Entries shown Start Marker
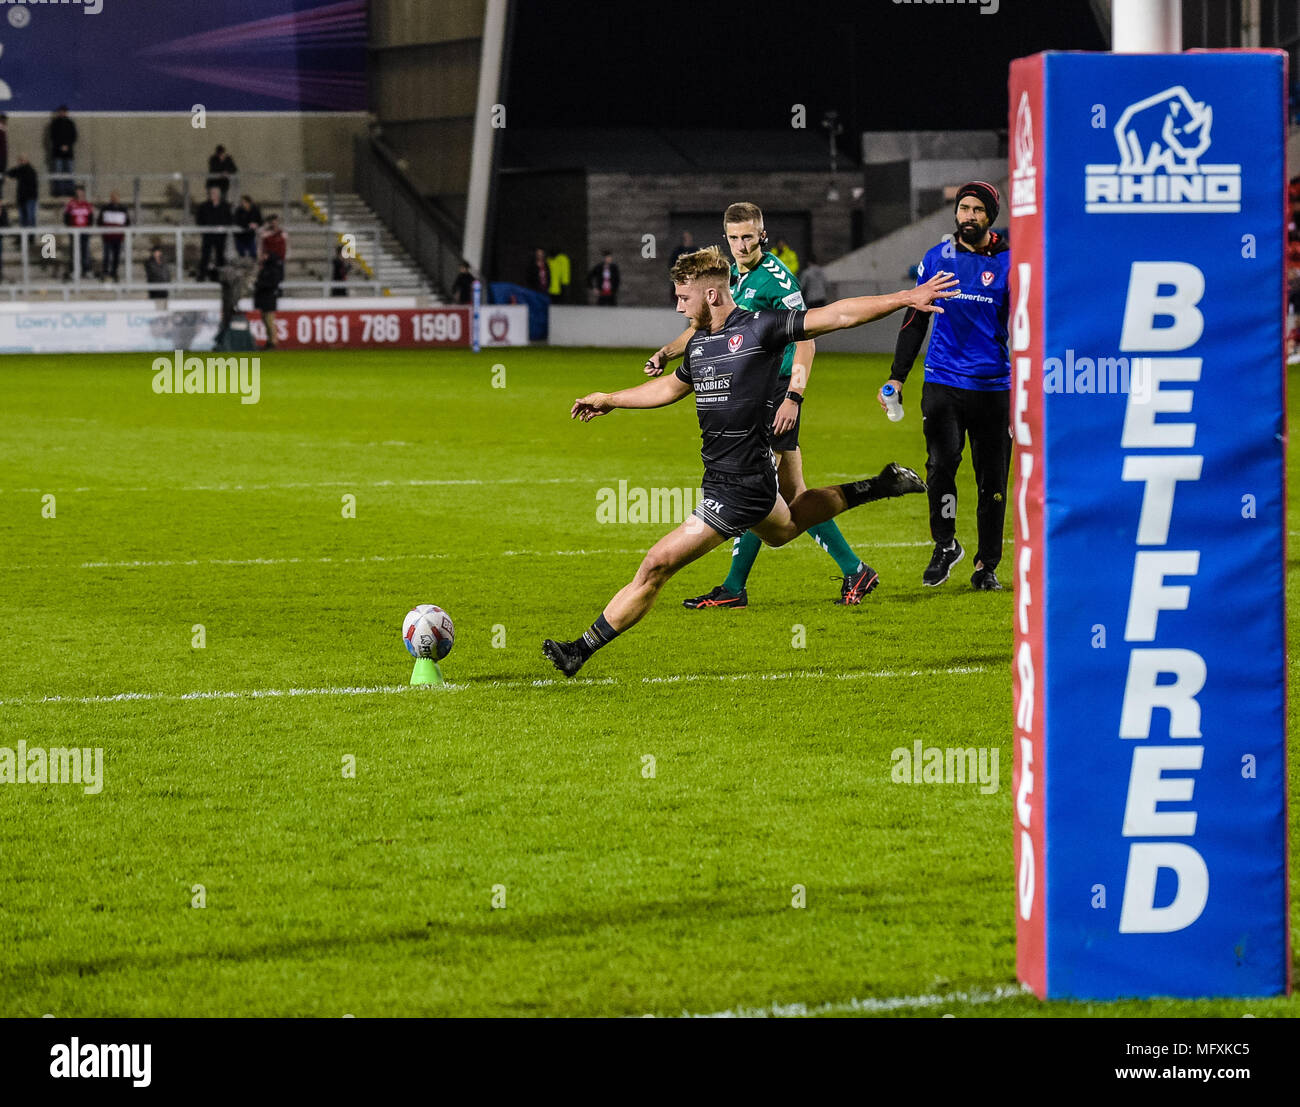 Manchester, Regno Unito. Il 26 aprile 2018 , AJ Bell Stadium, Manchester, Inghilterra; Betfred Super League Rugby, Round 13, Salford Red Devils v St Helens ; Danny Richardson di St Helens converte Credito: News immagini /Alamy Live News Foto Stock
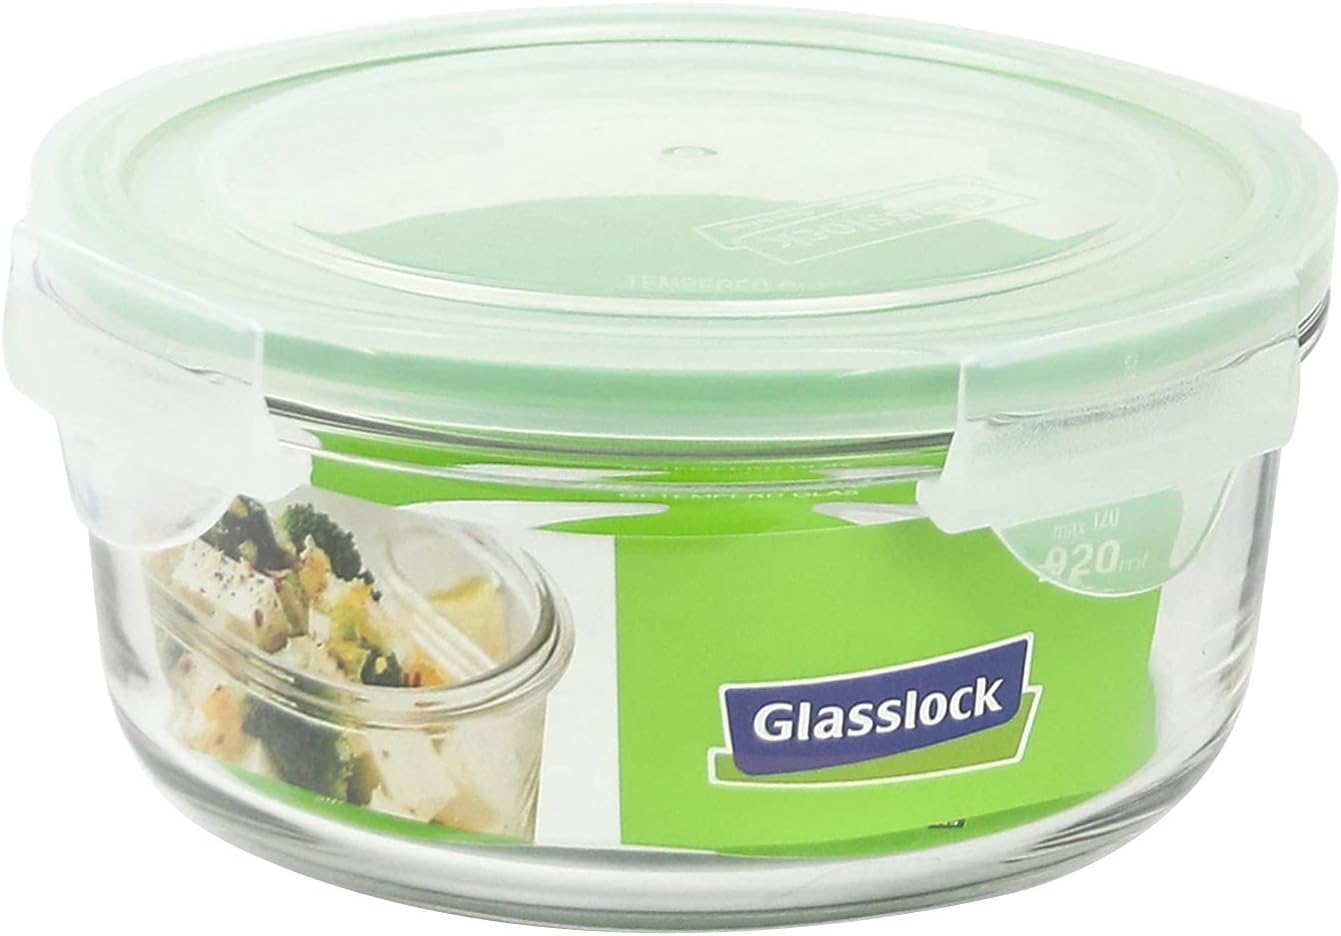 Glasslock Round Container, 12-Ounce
Entries shown End Marker
Entries shown Start Marker
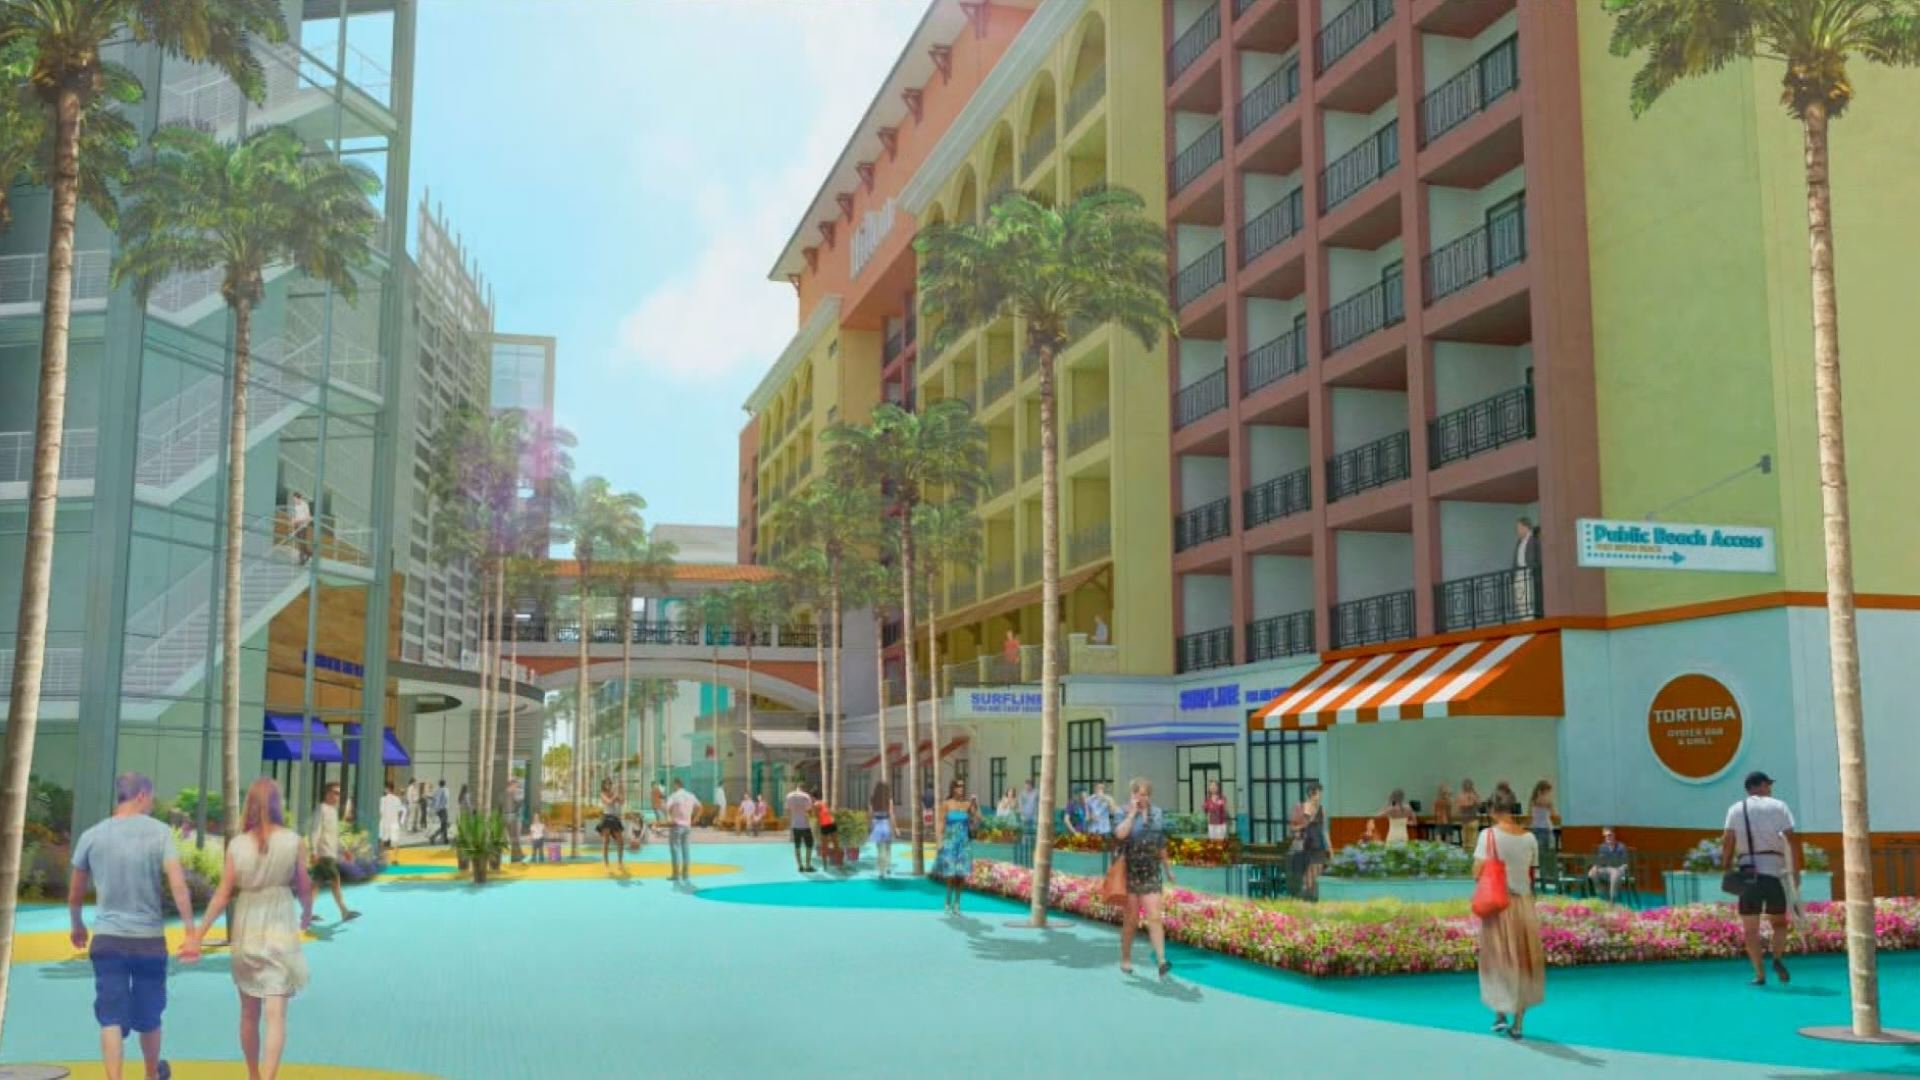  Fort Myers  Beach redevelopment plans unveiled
Entries shown End Marker
Entries shown Start Marker
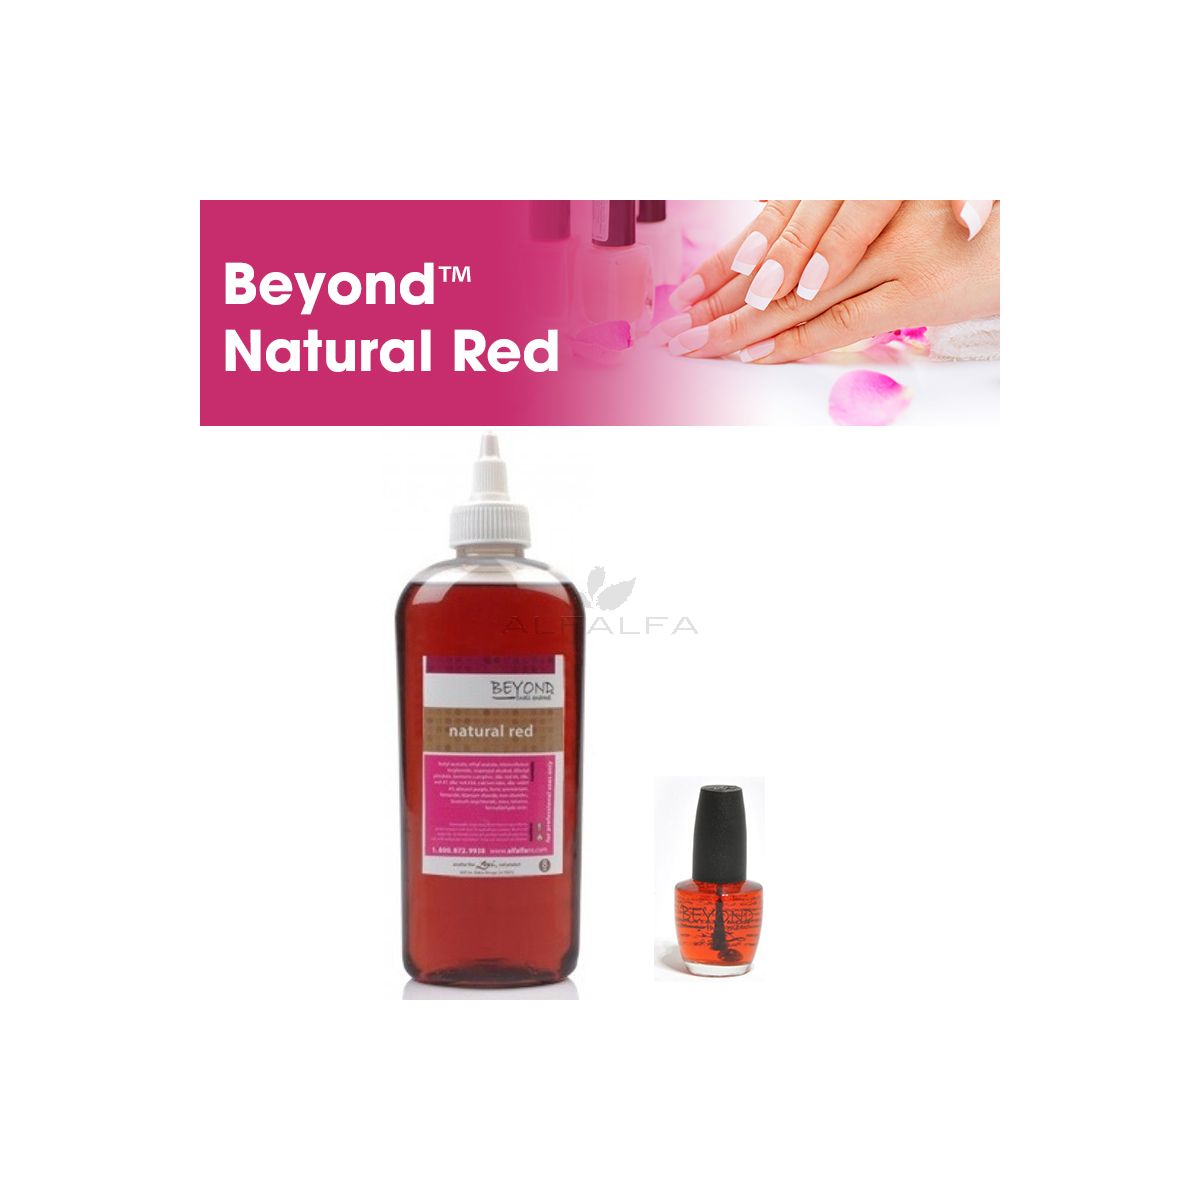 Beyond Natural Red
Entries shown End Marker
*What to work on*: In the listing above, find the line with "Manchester, Regno Unito." and the line with "Glasslock Round Container, 12-Ounce". Set down both and every line between them, minus the pictures.

*Response area*:
 Manchester, Regno Unito. Il 26 aprile 2018 , AJ Bell Stadium, Manchester, Inghilterra; Betfred Super League Rugby, Round 13, Salford Red Devils v St Helens ; Danny Richardson di St Helens converte Credito: News immagini /Alamy Live News Foto Stock
 Glasslock Round Container, 12-Ounce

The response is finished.